皇冠hga025大学洛杉矶分校在Dato-DXd开发中的领导地位
UCLA’s thoracic medical oncology team has been at the forefront of Dato-DXd’s global development punctuated by Lisberg’s ESMO 2023 TROPION-LUNG01 Presidential Symposium. 血液学/肿瘤学临床研究单位提供了关键支持, 以及利斯伯格在皇冠hga025大学洛杉矶分校胸部肿瘤医学的同事. 爱德华·加隆博士. 乔纳森·戈德曼博士. 艾米·卡明斯, who identified the potential of Dato-DXd early on in development and prioritized Dato-DXd for their heavily pretreated non-small cell lung cancer patients. These patients had a paucity of effective treatment options at the time of Dato-DXd trial enrollment and their participation was essential to the success of the TROPION-LUNG01 study, 许多人的生活得到了长期的改善, 由于Dato-DXd. The TRIO-US network also made significant contributions to the TROPION-LUNG01 study under the direction of Lisberg.
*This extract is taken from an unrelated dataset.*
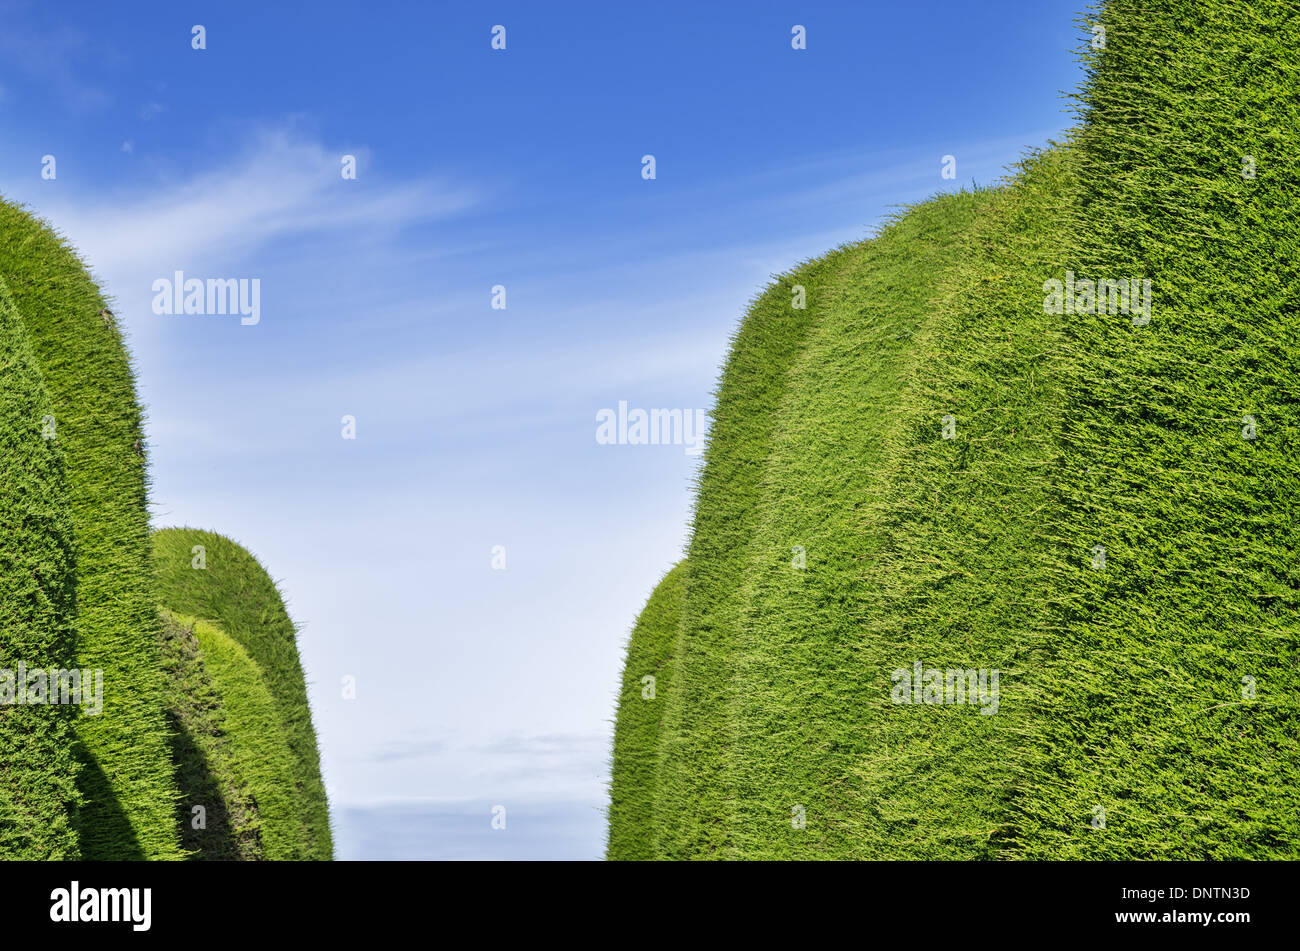 grüner Wacholder Hedge-Gang mit Himmelshintergrund Stockfoto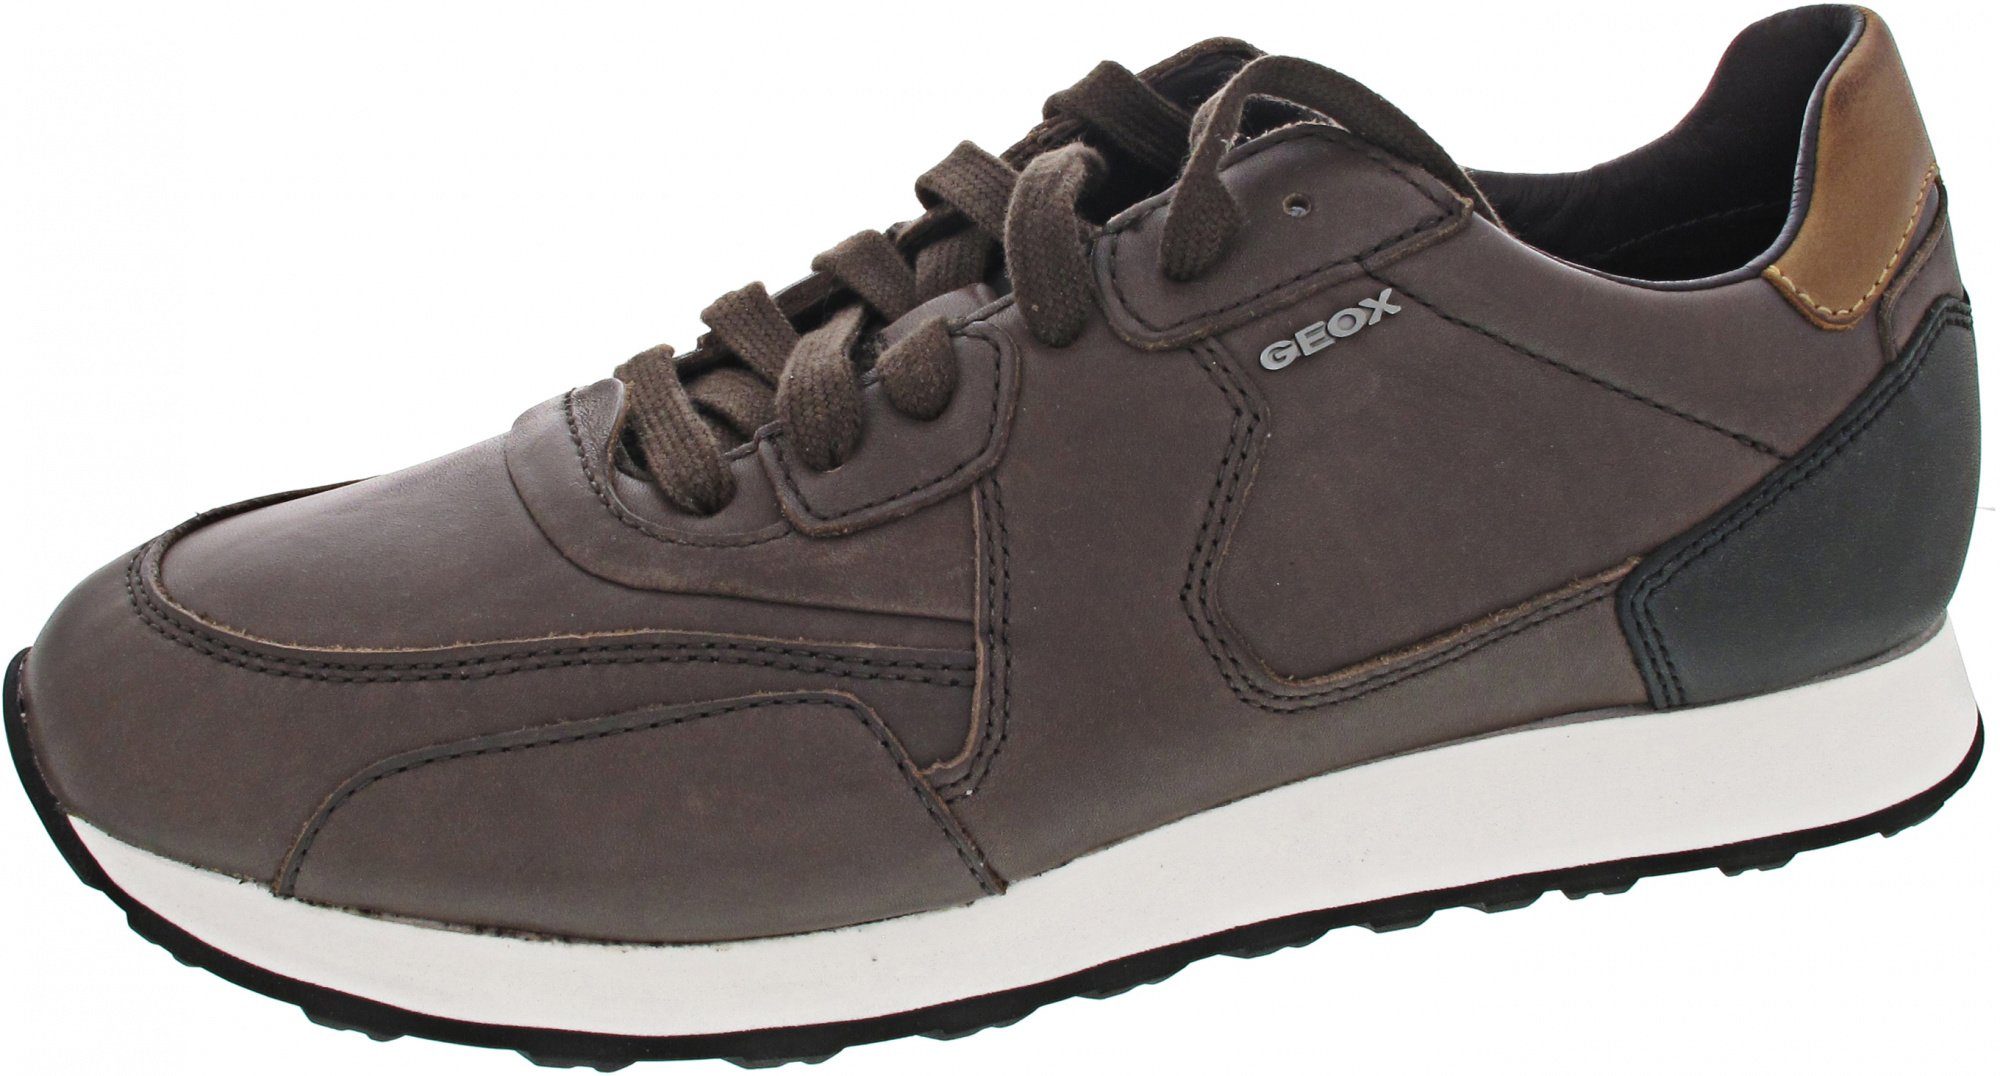 Geox »Vincit« Sneaker Wechselfußbett, braun online kaufen | OTTO

皇冠hga025大学洛杉矶分校和TRIO-US网络在未来Dato-DXd肺癌试验的前沿
This antibody-drug conjugate is now being evaluated as potential first-line therapy for patients with newly diagnosed metastatic non-small cell lung cancer on the TROPION-LUNG07/08 studies (NCT05555732/NCT05215340),这两个项目最近都在皇冠hga025大学洛杉矶分校遍布南皇冠hga025的诊所开设. 除了, TRIO-US网络正在参与TROPION-LUNG07试验, 就像TROPION-LUNG01一样. These trials hold the promise to improve clinical outcomes for patients with metastatic non-small cell lung cancer by providing Dato-DXd to an even larger number of patients with non-squamous tumors.
Datopotamab deruxtecan is a specifically engineered TROP2-directed DXd antibody drug conjugate being jointly developed by AstraZeneca and Daiichi Sankyo.